Question

Running DESeq2 for different types of data

0

Entering edit mode

yair.gatt • 0

@yairgatt-14925

Last seen 3.7 years ago

Hello,
I would like to inquire about using DESeq2 package in order to compare different types of read data:

1. Would it be OK to use DESeq2 to compare read data between homologous genes in different strains of the same bacterial species?
2. In case I would like to analyze only a subset of the genes, classified by a certain independent feature - Would applying DESeq2 to only a subset of the genes be OK or would it affect the normalization?
3. We have recently developed in our lab an experimental methodology termed RIL-seq (Melamed et al., Mol. Cell, 2016) to find small RNA-target interactions.
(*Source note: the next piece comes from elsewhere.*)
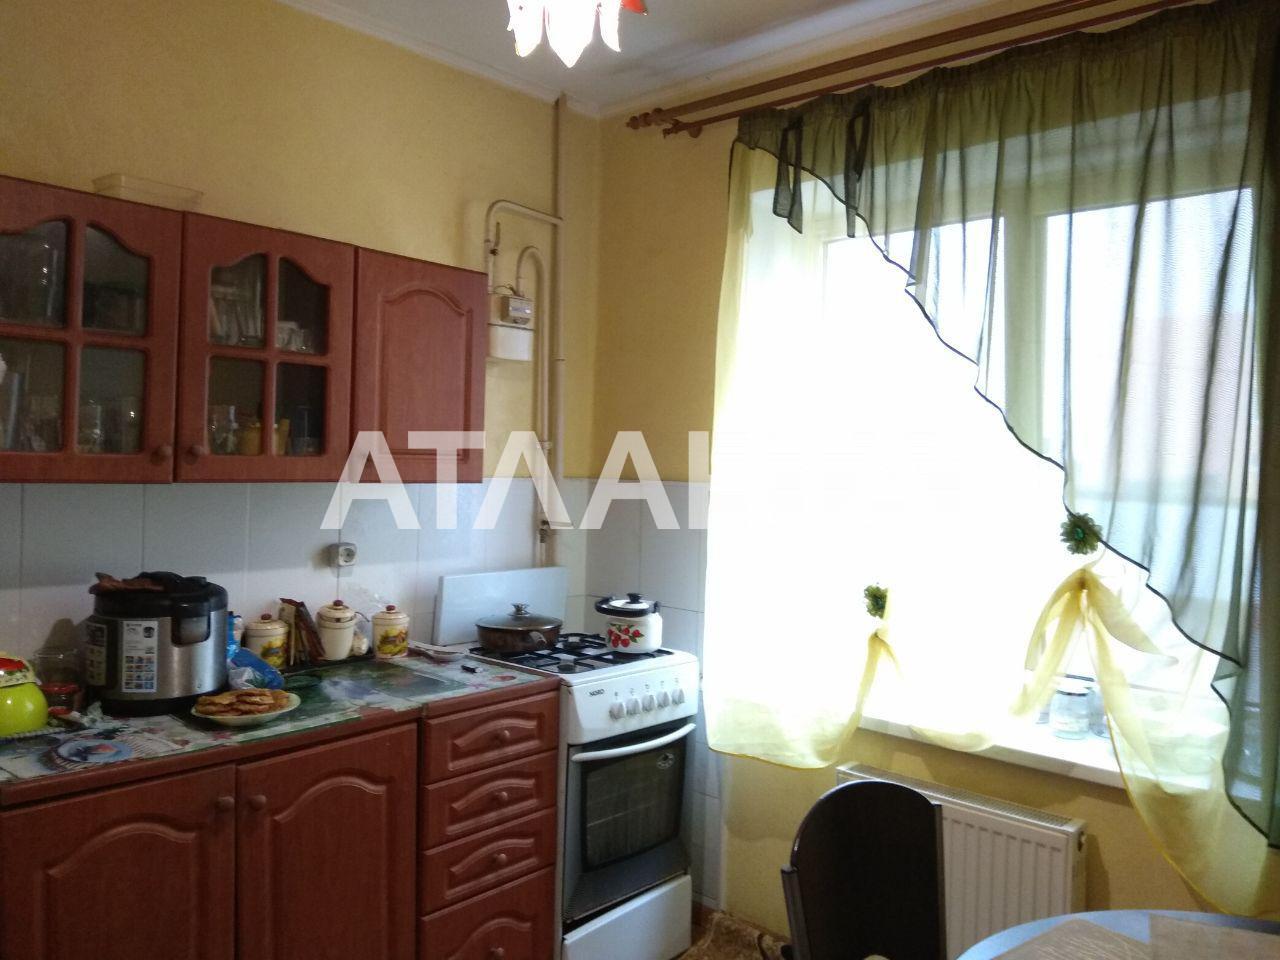 Продается 1-комнатная Квартира на ул. Радужный М-Н — 32 000 у.е. (фото №6)

By this methodology we ligate RNA fragments and sequence them by paired end sequencing. In the mapping procedure we identify chimeric fragments, in which one read belongs to one RNA molecule, and the second read to another RNA molecule. My question is if it would be OK to compare the numbers of chimeric fragments of corresponding pairs between different growth conditions using DESeq2 (we have several samples for each condition).

Many thanks in advance,

Yair E. Gatt, MD-PhD student
Prof. Hanah Margalit's lab.
Molecular Genetics and Microbiology Department
Faculty of Medicine
The Hebrew University of Jerusalem

deseq2 • 554 views

ADD COMMENT • link updated 6.3 years ago by Michael Love 42k • written 6.3 years ago by yair.gatt • 0

score 1 · Answer 1 · 2018-02-01

I only have limited answers for you: 1) you would have to make sure that read assignment is not the reason you see differences in counts. You can’t just use one species gene sequence as this would lead to a mapping bias. I don’t have any experience with solving this problem. 2) the normalization needs to see a sufficient number of genes that are not DE. If all genes are DE then you can’t normalize. The method is robust — it uses the median — but you can’t have all genes DE. 3) you can use DESeq2 for many setups with vectors of counts, I can’t say in general when it will work. Going back to (2), this is a key issue: you need sufficient rows where there are no or only small differences, such that the method can come up with a parameter that explains any technical multiplicative factor effecting the columns.